Let Technology Do the Discount Hunting for You

You don't have to manually search for coupon codes or compare prices across tabs anymore. A handful of free browser extensions can do that work silently in the background, stepping in at checkout to apply savings you might have missed. Here's a breakdown of the most useful ones and what each does best.

1. Honey (by PayPal)

Honey is probably the most well-known shopping extension. When you reach a checkout page, it automatically tests available coupon codes and applies the one that saves you the most. It also shows you a price history chart for Amazon products and lets you create a wishlist that alerts you to price drops.

Best for: Coupon code automation and Amazon price tracking.

2. Capital One Shopping

Similar to Honey, Capital One Shopping tests coupon codes at checkout and alerts you if the item you're viewing is available cheaper at another retailer. You don't need to be a Capital One customer to use it — it's a free tool open to everyone.

Best for: Price comparison alerts across retailers.

3. Rakuten

Rakuten is primarily a cashback portal, but its browser extension notifies you whenever you land on a participating retailer's site, making it easy to activate cashback with one click. Earnings are paid out quarterly as a check or PayPal payment.

Best for: Earning cashback at hundreds of major retailers automatically.

4. CamelCamelCamel (via Camelizer)

The Camelizer extension adds an Amazon price history chart directly to any Amazon product page. This is invaluable for understanding whether a "sale" price is genuinely low or just a normal fluctuation. You can also set target price alerts.

Best for: Verifying Amazon deal legitimacy with price history data.

5. Wikibuy (now Capital One Shopping)

Now merged into Capital One Shopping, this extension's core feature remains strong: it scans for the same product at lower prices across other online stores while you shop, displaying a small badge when it finds something cheaper.

6. Invisible Hand

InvisibleHand is a lightweight extension that displays a small notification bar when it finds the product you're viewing at a lower price on another site. It covers a wide range of retailers including flights and hotels, making it useful beyond standard shopping.

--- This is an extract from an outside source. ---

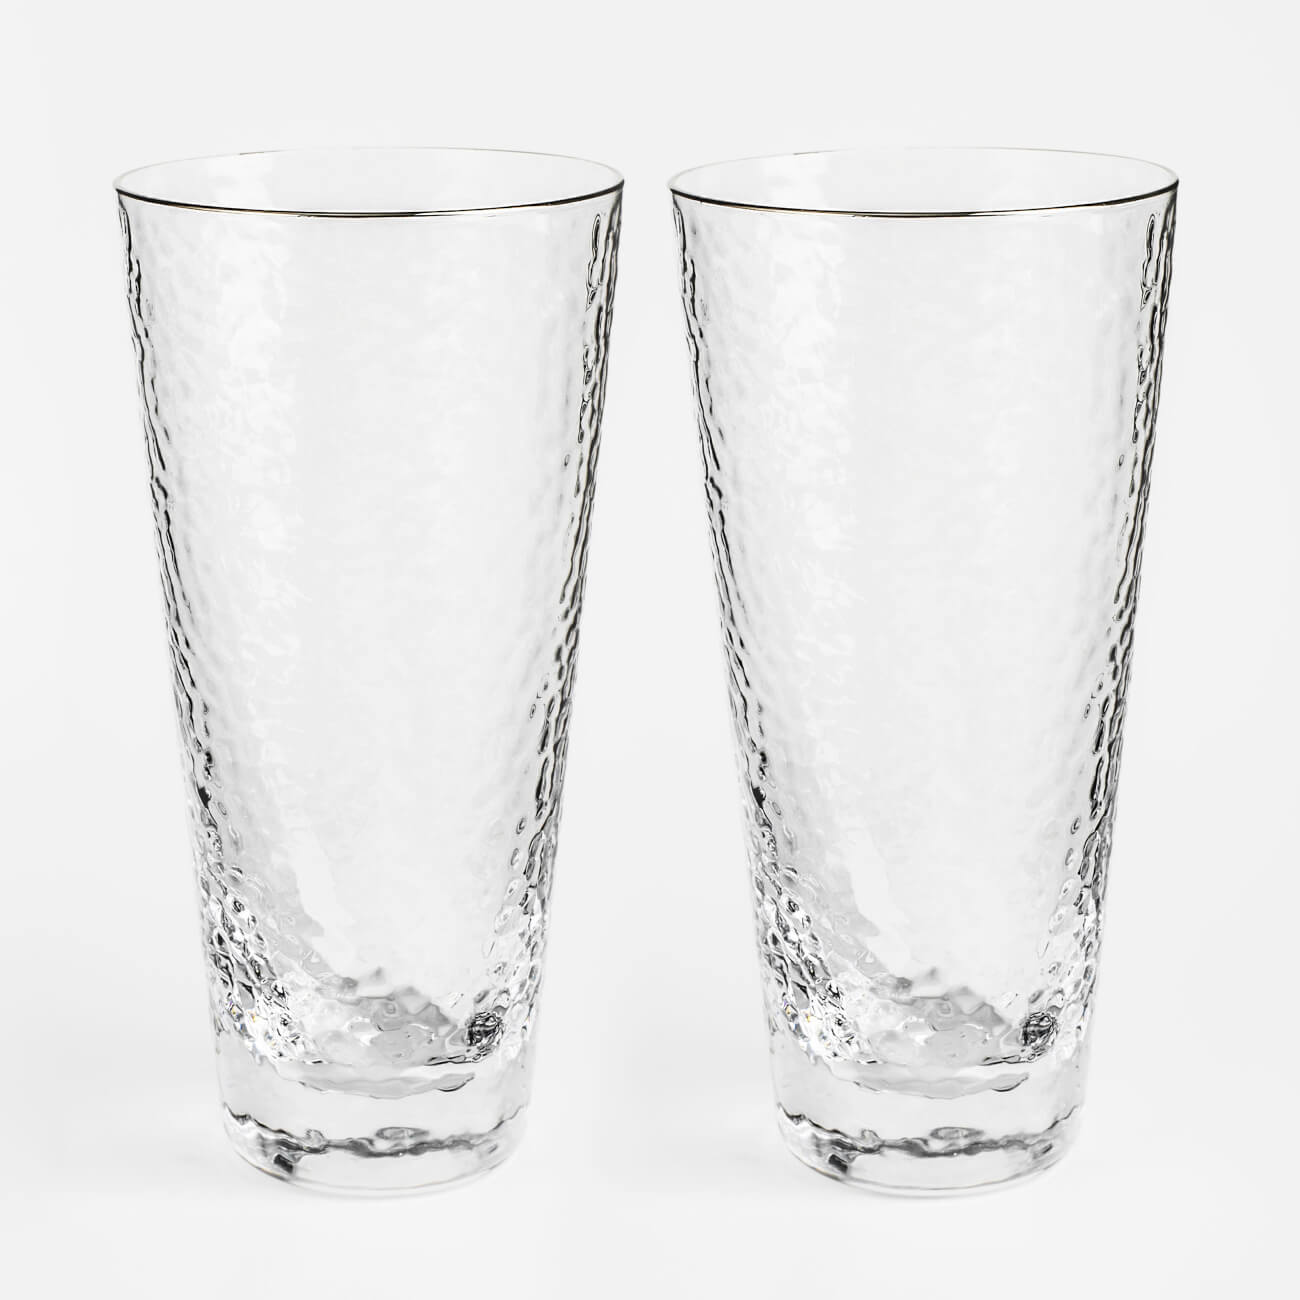 Стакан, 450 мл, 2 шт, стекло, с серебристым кантом, Ripply silver бокал для мартини 250 мл 2 шт стекло перламутр ripply polar

Best for: Shoppers who browse multiple categories including travel.

7. PayPal Honey (Gold) Rewards

Beyond coupon codes, Honey's Gold program lets you earn points (called Gold) on purchases from participating stores, which can be redeemed for gift cards. It's an additional layer of rewards on top of any sale prices or codes already applied.

How to Use These Extensions Together

You don't have to choose just one. Many shoppers run two or three simultaneously. A common combination:

  • Rakuten for cashback activation
  • Honey for automatic coupon codes
  • Camelizer for Amazon price history verification

Together, these three tools cover coupon hunting, cashback earning, and price verification — the three pillars of smart online shopping — without requiring any extra effort on your part.

A Quick Note on Privacy

Shopping extensions do read your browsing activity on retail sites in order to function. If privacy is a concern, review each extension's privacy policy and consider only installing the ones you'll actively use. Stick to well-known, reputable tools and check their permissions before installing.